So, now I'm going to apply to CCRI to see if I can get in and if not, I'll be stuck in Albany. I'm just worried that I'll see one of those jerks from the music department and I'll try to yell at them for what they did. I'm definately going to need counseling if I have to go up there. I already thought I was going crazy because of the summer, but this just made it worse.

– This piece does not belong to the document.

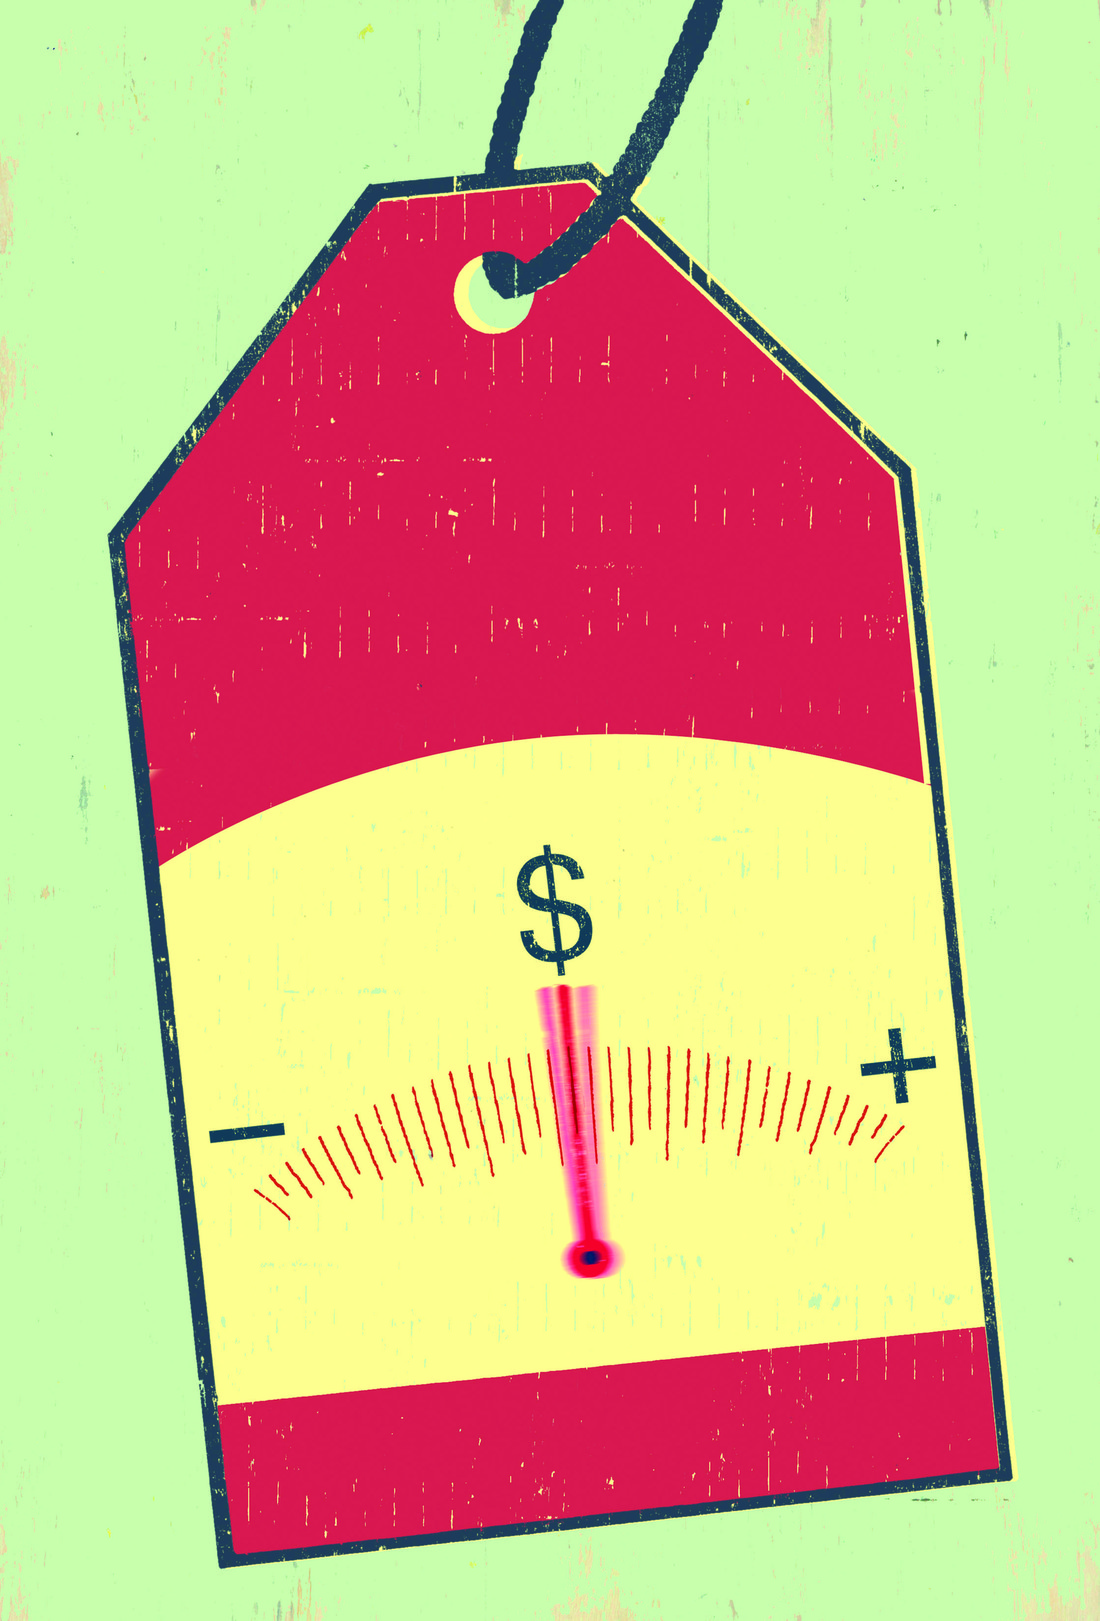 Image of a price tag with a plus and minus sign and a needle in the middle
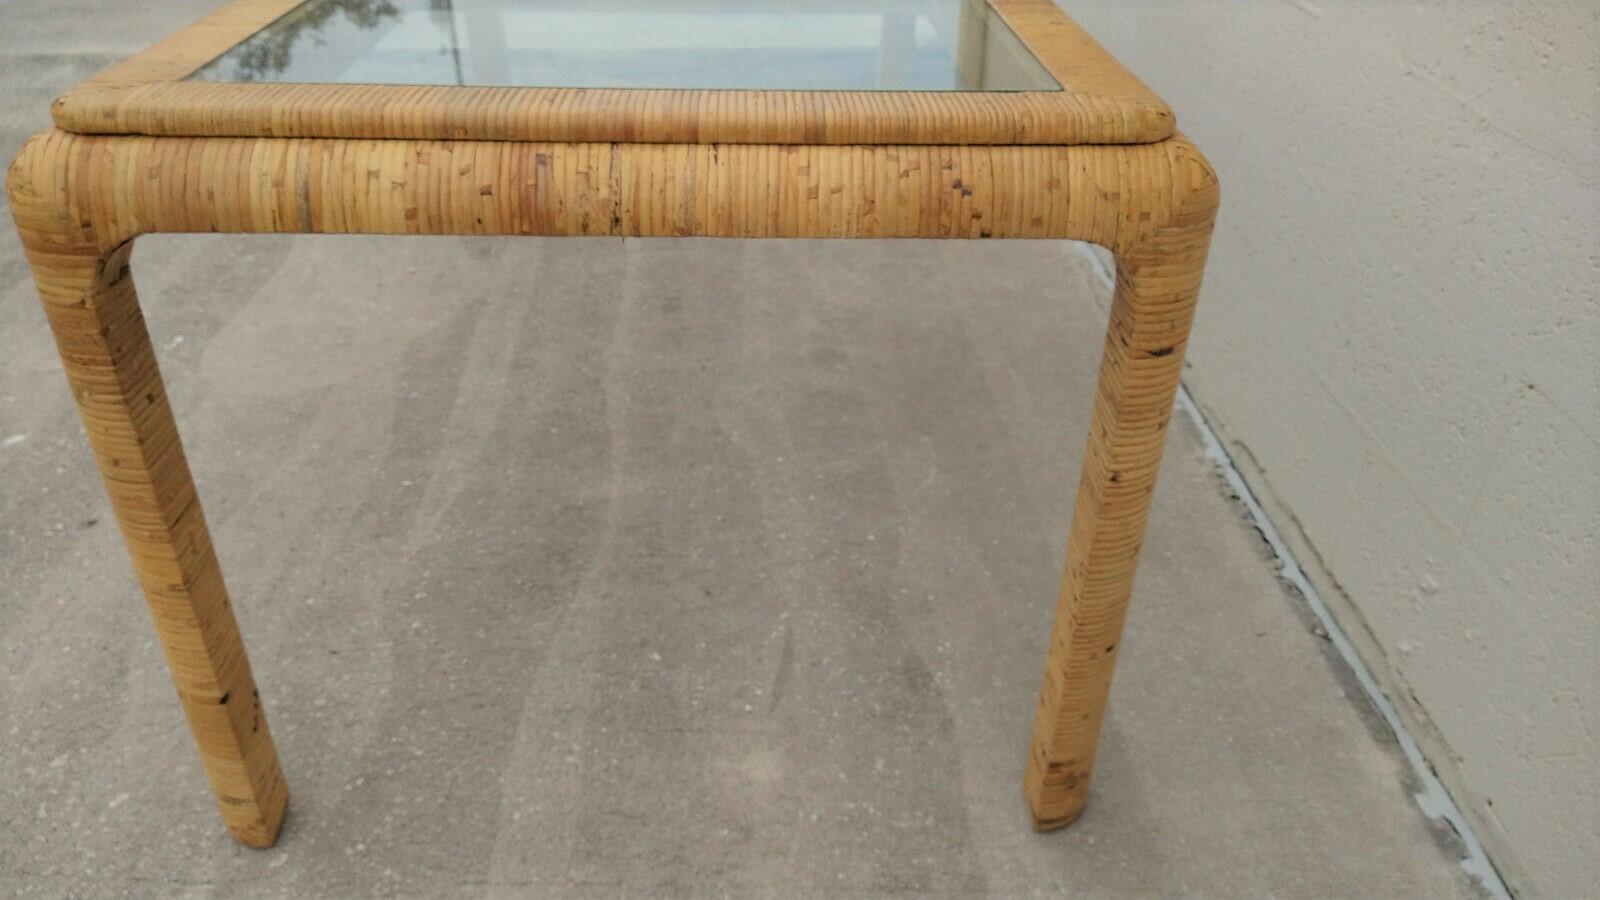 Woven Rattan Wrapped Waterfall Dining Table with Extension Leaf, Seats 6 to 8 For Sale

My Dad wants to switch our PC to Windows XP, which means that we have to take the computer offline, disconnect the printer and uninstall the programs that came with them and the digital camera. I think the reason the XP cd gives for switching is funny. It says it has a sleek new design, because looking at a nude colored Start button could be the reason I need glasses. You can tell they only did it for the money. Oh, in an unrelated note, I dyed my hair and it's brown again, because it was blonde. It was a reddish brown when I dyed it, but the red was splotchy and now it's gone. It's good though, because it made my hair look purple. Also, you have to see this, it's pretty funny. It's Kerry and Bush singing "This Land is Your Land".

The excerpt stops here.